In [8]:
# This example has been referenced from open souce project. 
import math
from collections import Counter
import numpy as np
import seaborn as sns
import pandas as pd
import scipy.stats as ss
import matplotlib.pyplot as plt
import sklearn.preprocessing as sp
from sklearn.tree import DecisionTreeClassifier
from sklearn.model_selection import train_test_split
from sklearn.metrics import classification_report, confusion_matrix, accuracy_score
from subprocess import check_output

data = pd.read_csv('mushrooms.csv', encoding='latin1')
data.head()

Unnamed: 0,class,cap-shape,cap-surface,cap-color,bruises,odor,gill-attachment,gill-spacing,gill-size,gill-color,...,stalk-surface-below-ring,stalk-color-above-ring,stalk-color-below-ring,veil-type,veil-color,ring-number,ring-type,spore-print-color,population,habitat
0,p,x,s,n,t,p,f,c,n,k,...,s,w,w,p,w,o,p,k,s,u
1,e,x,s,y,t,a,f,c,b,k,...,s,w,w,p,w,o,p,n,n,g
2,e,b,s,w,t,l,f,c,b,n,...,s,w,w,p,w,o,p,n,n,m
3,p,x,y,w,t,p,f,c,n,n,...,s,w,w,p,w,o,p,k,s,u
4,e,x,s,g,f,n,f,w,b,k,...,s,w,w,p,w,o,e,n,a,g


In [9]:
data.shape

(8124, 23)

Ok, so we know about 8124 mushrooms, with 22 different attributes (23 includes the `class` column). That's a lot! You can't possibly memorise all this data. Let's try to break it down. What else do we now of our data?

In [27]:
data.isnull().values.any()

False

Good, no missing data points. What's the varience of each of the features?

In [11]:
for feature in data.columns:
    uniq = np.unique(data[feature])
    print('{}: {} distinct values -  {}'.format(feature,len(uniq),uniq))
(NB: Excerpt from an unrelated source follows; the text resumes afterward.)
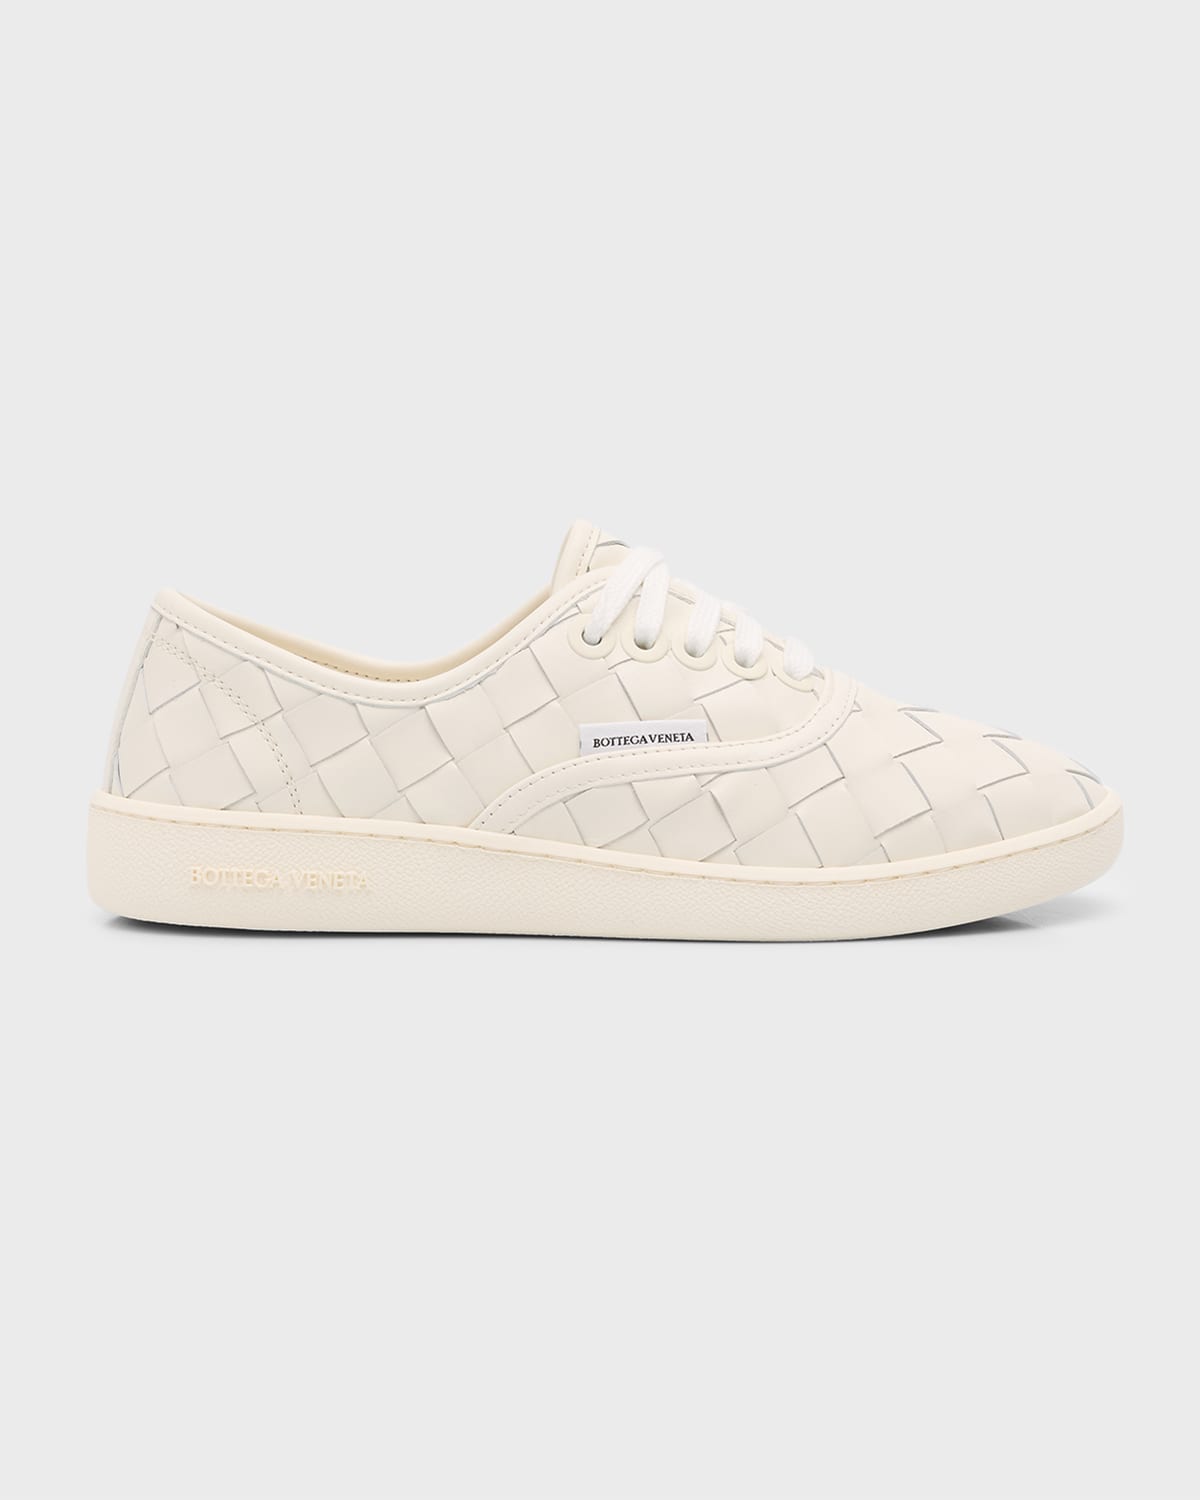 Sawyer Intrecciato Leather Low-Top Sneakers

class: 2 distinct values -  ['e' 'p']
cap-shape: 6 distinct values -  ['b' 'c' 'f' 'k' 's' 'x']
cap-surface: 4 distinct values -  ['f' 'g' 's' 'y']
cap-color: 10 distinct values -  ['b' 'c' 'e' 'g' 'n' 'p' 'r' 'u' 'w' 'y']
bruises: 2 distinct values -  ['f' 't']
odor: 9 distinct values -  ['a' 'c' 'f' 'l' 'm' 'n' 'p' 's' 'y']
gill-attachment: 2 distinct values -  ['a' 'f']
gill-spacing: 2 distinct values -  ['c' 'w']
gill-size: 2 distinct values -  ['b' 'n']
gill-color: 12 distinct values -  ['b' 'e' 'g' 'h' 'k' 'n' 'o' 'p' 'r' 'u' 'w' 'y']
stalk-shape: 2 distinct values -  ['e' 't']
stalk-root: 5 distinct values -  ['?' 'b' 'c' 'e' 'r']
stalk-surface-above-ring: 4 distinct values -  ['f' 'k' 's' 'y']
stalk-surface-below-ring: 4 distinct values -  ['f' 'k' 's' 'y']
stalk-color-above-ring: 9 distinct values -  ['b' 'c' 'e' 'g' 'n' 'o' 'p' 'w' 'y']
stalk-color-below-ring: 9 distinct values -  ['b' 'c' 'e' 'g' 'n' 'o' 'p' 'w' 'y']
veil-type: 1 distinct values -  ['p']
veil-color: 4 distin

Hmmm.. that's interesting - it seems as all known mushrooms have the same `veil-type`. We can drop this feature then, it won't help us.

In [12]:
data = data.drop(['veil-type'], axis=1)

Beore we continue, let's check if there are any duplicates in our data - meaning, do we know of two or more mushrooms with exactly the same features?

In [13]:
print('Known mushrooms: {}\nUnique mushrooms: {}'.format(len(data.index),len(data.drop_duplicates().index)))

Known mushrooms: 8124
Unique mushrooms: 8124


No, good. Wait! Are there any mushrooms with the same features but different classes?

In [14]:
print('Known mushrooms: {}\nMushrooms with same features: {}'.format(
    len(data.index),len(data.drop_duplicates(subset=data.drop(['class'],axis=1).columns).index)))

Known mushrooms: 8124
Mushrooms with same features: 8124


In [29]:
factorized_nw = data.copy()
for column in factorized_nw.columns.values:
    f, _ = pd.factorize(factorized_nw[column])
    factorized_nw.loc[:,column] = f

ohe = sp.OneHotEncoder()
X = factorized_nw.drop(['class'],axis=1)
y = factorized_nw['class'].tolist()
ohe.fit(X)
X = ohe.transform(X).toarray()
X_train, X_test, y_train, y_test = train_test_split(X, y, test_size=0.5, random_state=42)

for i in range(1,6):
    tree = DecisionTreeClassifier(max_depth=i, random_state=42)
    tree.fit(X_train,y_train)
    y_pred = tree.predict(X_test)
    print("Max depth: {} - accuracy:".format(i), accuracy_score(y_test, y_pred, normalize=True))

Max depth: 1 - accuracy: 0.880846873461349
Max depth: 2 - accuracy: 0.9519940915805022
Max depth: 3 - accuracy: 0.9847365829640571
Max depth: 4 - accuracy: 0.9916297390448056
Max depth: 5 - accuracy: 0.9980305268340719


In case you used a LabelEncoder before this OneHotEncoder to convert the categories to integers, then you can now use the OneHotEncoder directly.